El Pirata de Culiacan, an alcoholic orphan, who was exploited and used, trafficked in a sense, to parties and events, a clown, a a joker, a court jester for adoring and leering fans, cheering on the drugs, the alcohol, the guns, the lifestyle. Or an imitation of it. El Pirata De Culiacan was shot 15 times, and died on the floor of a bar, blood, hair, the slick, sticky alcohol and ash stains on the floor. I don't think he even got a pair of Louboutin's, the red soled designer shoes, illuminating the glamour shots of Chino, across Europe.
Mini Lic's own instagram captured narco life in less international ways, often showing himself and his cousins, friends, entourage toasting local beers, and racing in the mountains of Sinaloa. Sometimes shots of women, and Mini Lic flashing the peace sign, engraved pistols and car keys. It was over a long time ago. Maybe it was over that night in August 2016. Maybe it was slightly after, when Los Chapitos, his one time compadres were returned alive, betrayed, embarrassed, but alive.

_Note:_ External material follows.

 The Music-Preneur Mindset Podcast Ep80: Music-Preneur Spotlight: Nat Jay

Or when his father, Damaso Lopez Sr. was arrested in a Mexico City condo, far from the battlefield, where his men were thrown from planes, or left dead, bodies disfigured with bullet holes. He turned himself him to the DEA at the Calexico Port of Entry in late July, where he was taken into custody by the DEA, and brought to San Diego.
He had been indicted in August 2016, on drug trafficking charges, with a small circle of relatives and friends, three of whom were arrested, or turned themselves in shortly after, including his uncle Alvaro Lopez, who pleaded guilty in fall of last year. Los Chapitos, with their reach, wanted to make sure the family, and all their loyalists were cleansed. Many, assuredly were.

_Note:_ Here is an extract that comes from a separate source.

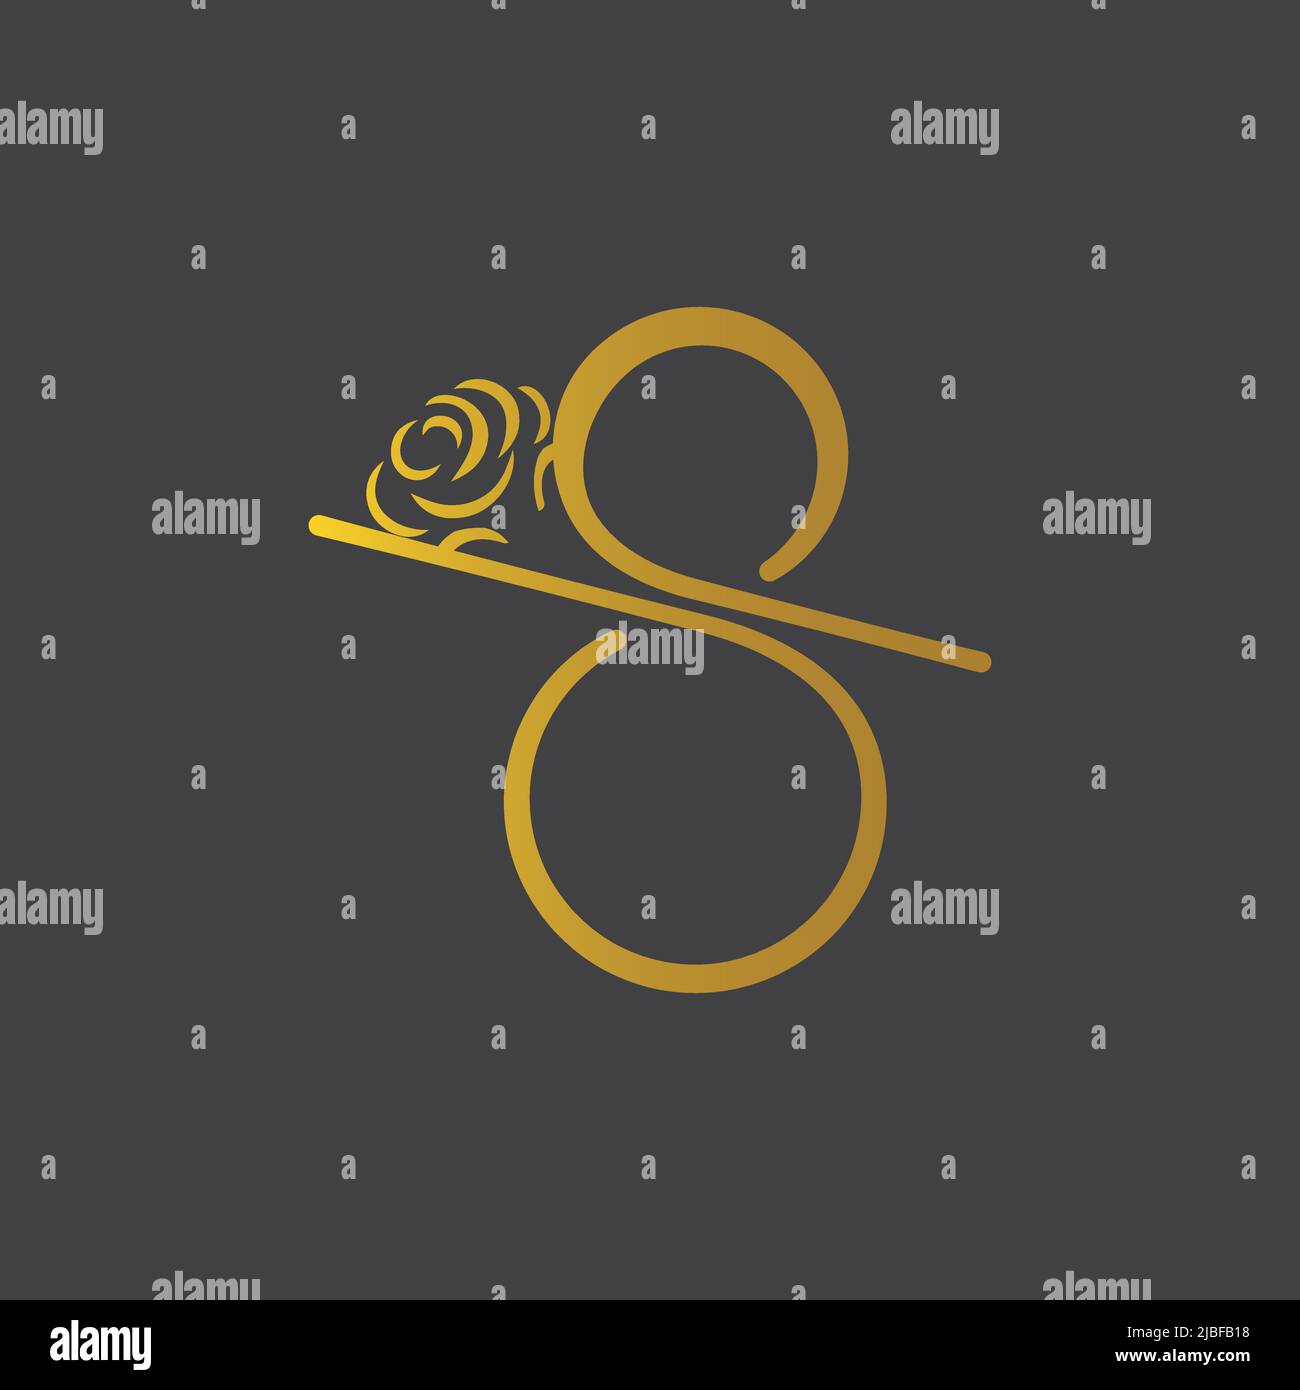 Immagine vettoriale con icona a 8 simboli Infinity. Illustrazione vettoriale EPS.8 EPS.10 Illustrazione Vettoriale

http://www.borderlandbeat.com/2017/08/damaso-lopez-mini-lic-indited-in-san.html
http://www.borderlandbeat.com/2017/08/damaso-lopez-mini-lic-indited-in-san.html
Now, Damaso Lopez Serrano, changes his plea. He will plead guilty, and federal court proceedings will continue, and he will wait in MCC for his sentence. He will plead in front of the same judge who oversaw cases against Chino Antrax, and Serafin Zambada Ortiz.
He will plead guilty to one or two of the charges on the five count indictment, the rest will be dismissed. In at once a very simple, and very existential way, all these men were on a list. Their names have been crossed off. Others, still on that list, and hundreds of miles away, must wonder when their time will come. If Damaso sees his son again, it will be in federal prison. Both Jr and Sr, I suppose.
I don't know if these men think in these terms, perhaps not. When they stand in front of a judge for sentencing, many apologize, some break down, are they truly ashamed? Do they really reject the life? God is often mentioned. Do they not miss the buckets of champagne, yachts and off road racing?
In another year, more probably, we will learn how long it will before Mini Lic is free again. He leaves behind a legacy of sorts, an era, a moment in this history, where it seemed he would never fall. It's a legacy of blood and consumption, of fame, and irony, and maybe, most of all an illusion.